希望の蹄跡。

昨年、トウショウシロッコを引き取る際に、相談に乗っていただいたホーストラスト北海道さんに、6月15日、私の通う乗馬クラブからキティホークが入厩した。

キティは元競走馬で、現役引退後は乗用馬になった。長年、競技会で活躍した後、私のようなへなちょこ馬乗りでも乗れるように調教をし直して練習馬になったのだが、これまでたくさんの障害を飛越してきたせいなのか、脚もとが突然崩れるように悪くなってしまい、馬の命綱である乗用馬からも引退。キティとともに数々の競技会に出たクラブのインストラクターが引き取って、ホーストラストさんにその後の余生をお願いすることになった。

キティは上級者用の馬なので、たった1度しか騎乗したことはないけれど、乗馬を始めた年からずっと顔を見て過ごしてきただけに、私にとっても家族のような馬。よく疝痛を起こすので、倒れた馬体を引き上げて、お腹をさすったこともたびたび。インストラクターが馬房から連れ出して歩くとすぐに治るので、大事には至らなかったが、今回のように脚にきてしまうと、もうお客さんは乗せられない。

ひとを乗せることができなくなった馬の行く末は、余生ではなく廃用という道であることが多いが、一般の私たちでも馬を引き取った後、安心して預けられる施設が増えてきている。

生産から育成、競走を経て引退後の余生まで、全部ひっくるめて競馬だと思っている私にとっては、ホーストラストさんのような養老牧場は「あって当たり前」だと簡単に言えても、現実はとても厳しく、辿りつける馬は悲しいくらい少ない。

ホーストラストさんには、キティの少し前に入厩したアドマイヤチャンプがいる。

父ノーザンテースト。
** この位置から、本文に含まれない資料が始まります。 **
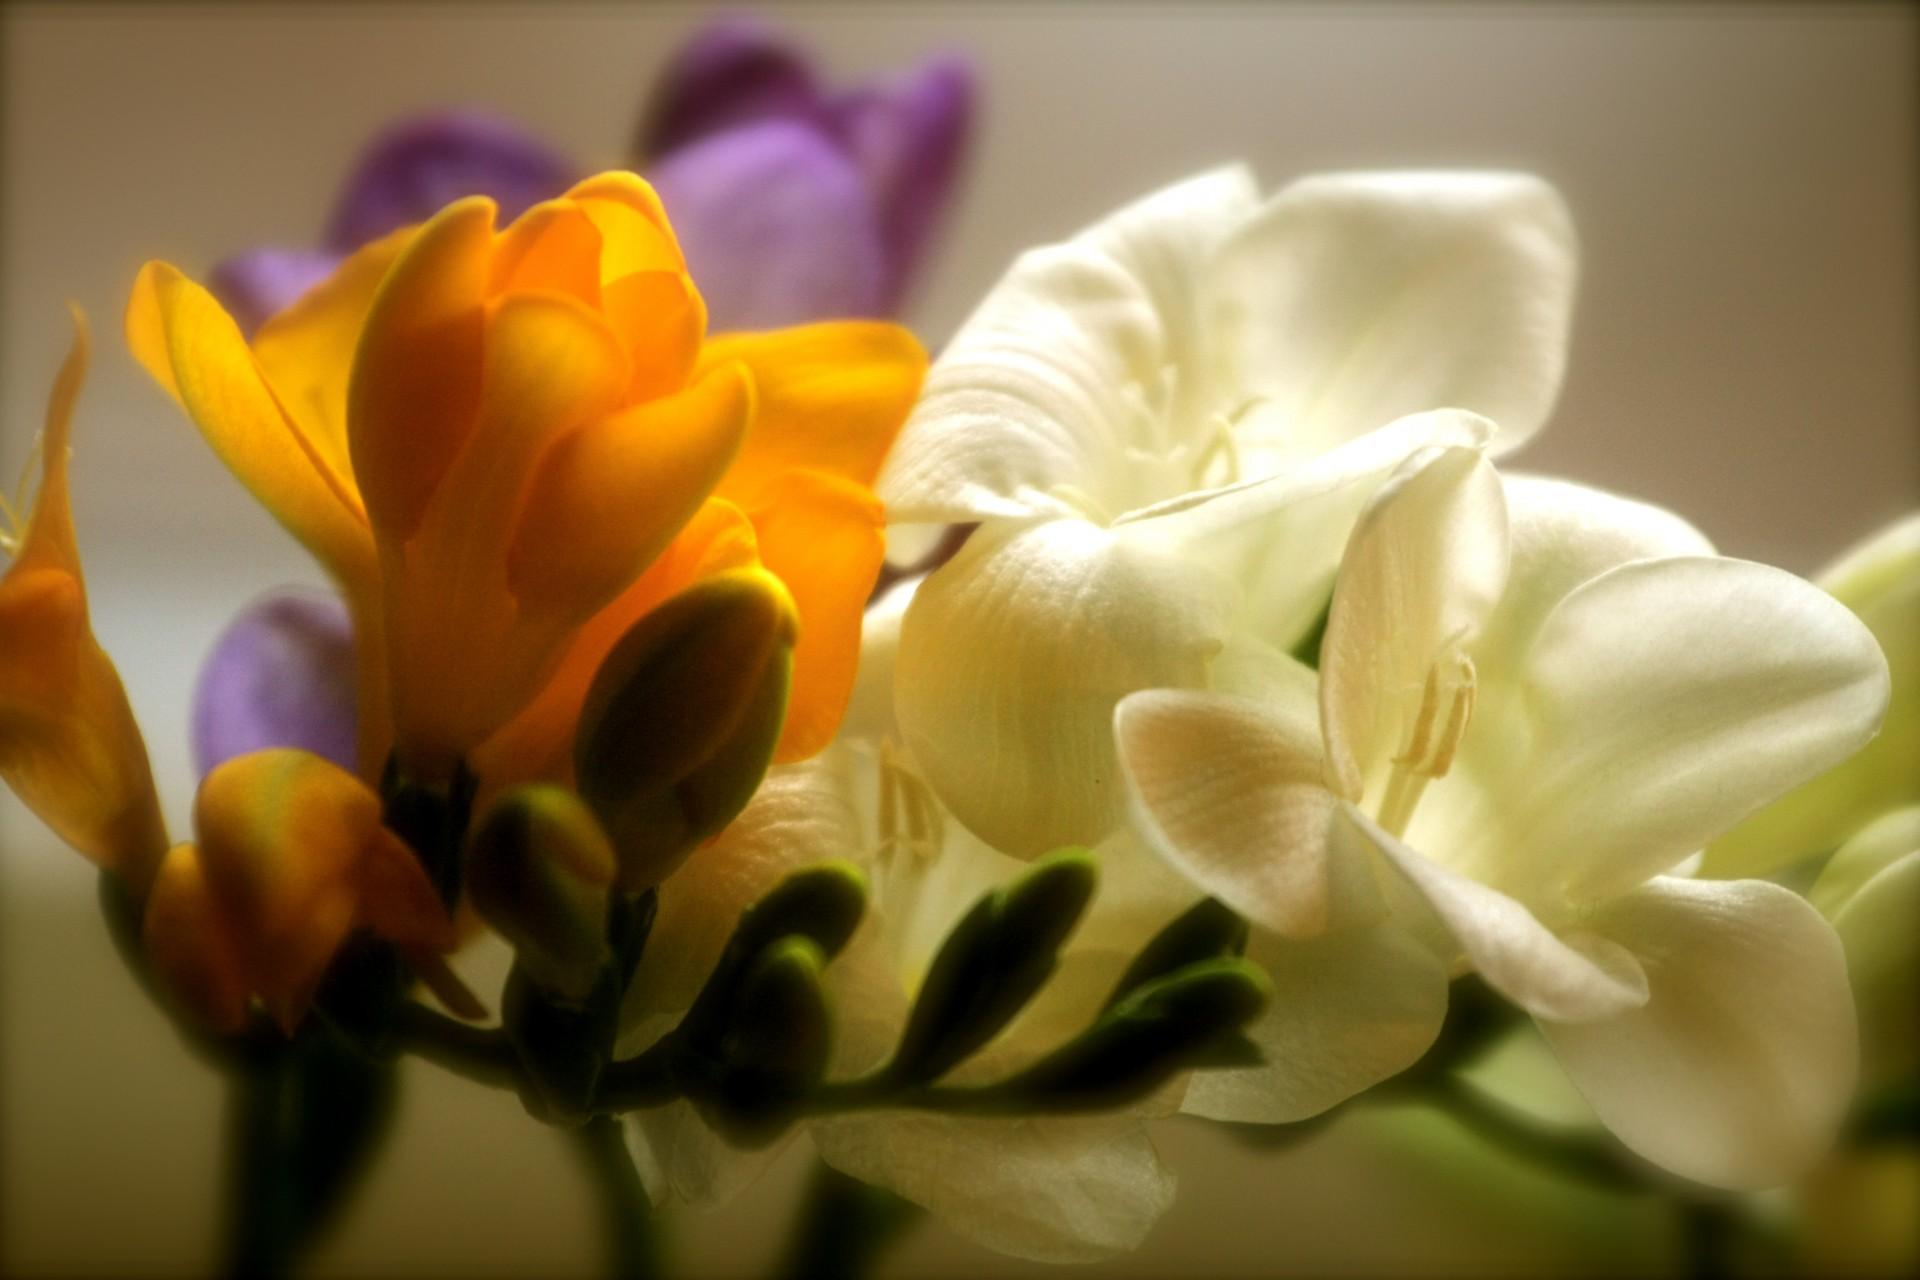 Картинка цветка фрезия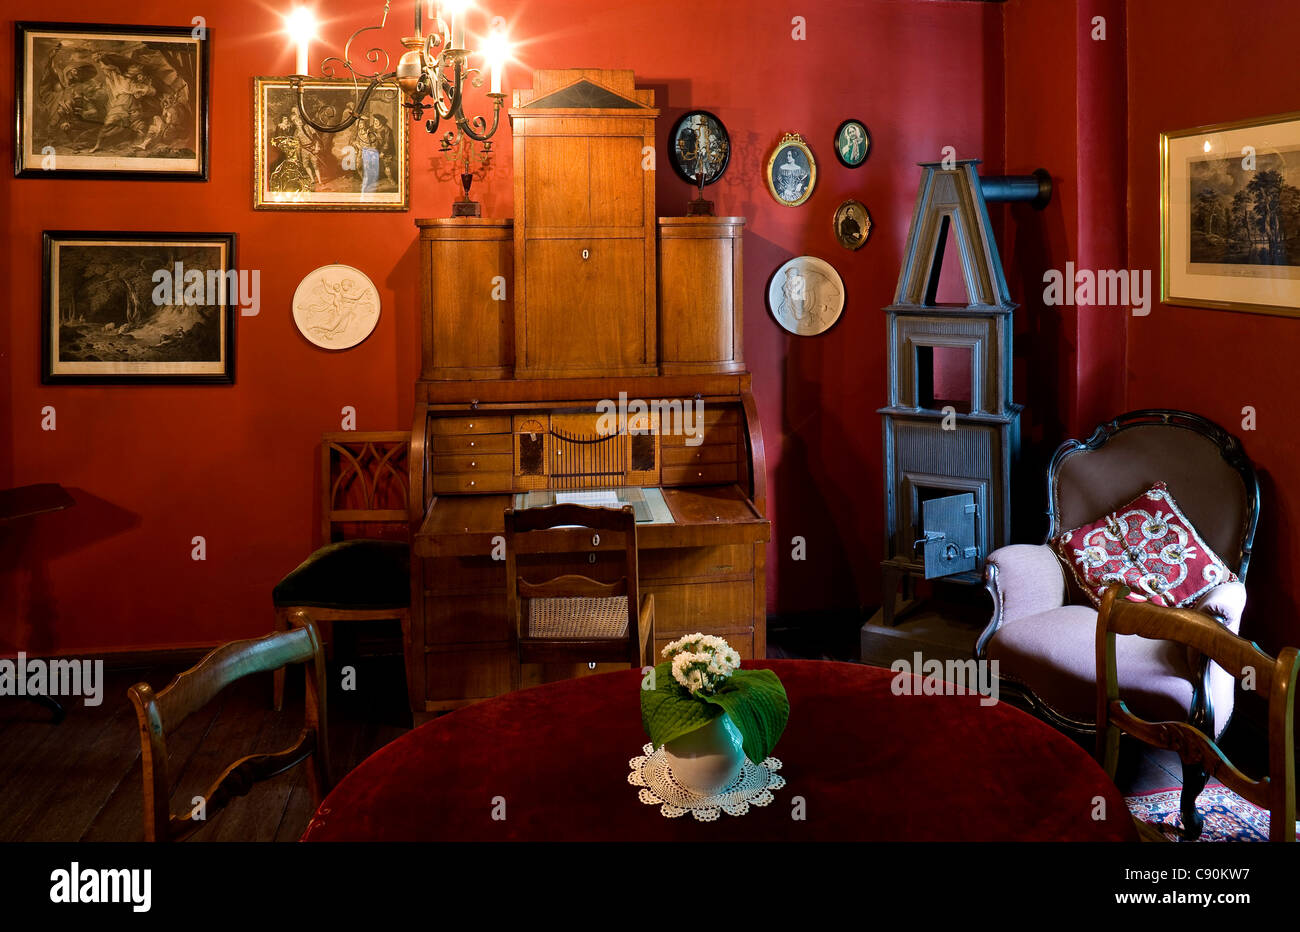 Theodor Storm Stockfotos & Theodor Storm Bilder Alamy

今年の冬に亡くなったタイキマーシャルの半弟にあたり、兄の死と入れかわるようにチャンプはやって来た。

チャンプは宮城県の乗馬クラブで震災に遭い、建物ごと津波に流されて生き残った馬。馬体は激しく傷つき、血だらけの状態で発見されたという。今でもチャンプの背中には、大きな傷跡が何か所もあり、当時の壮絶さを物語っている。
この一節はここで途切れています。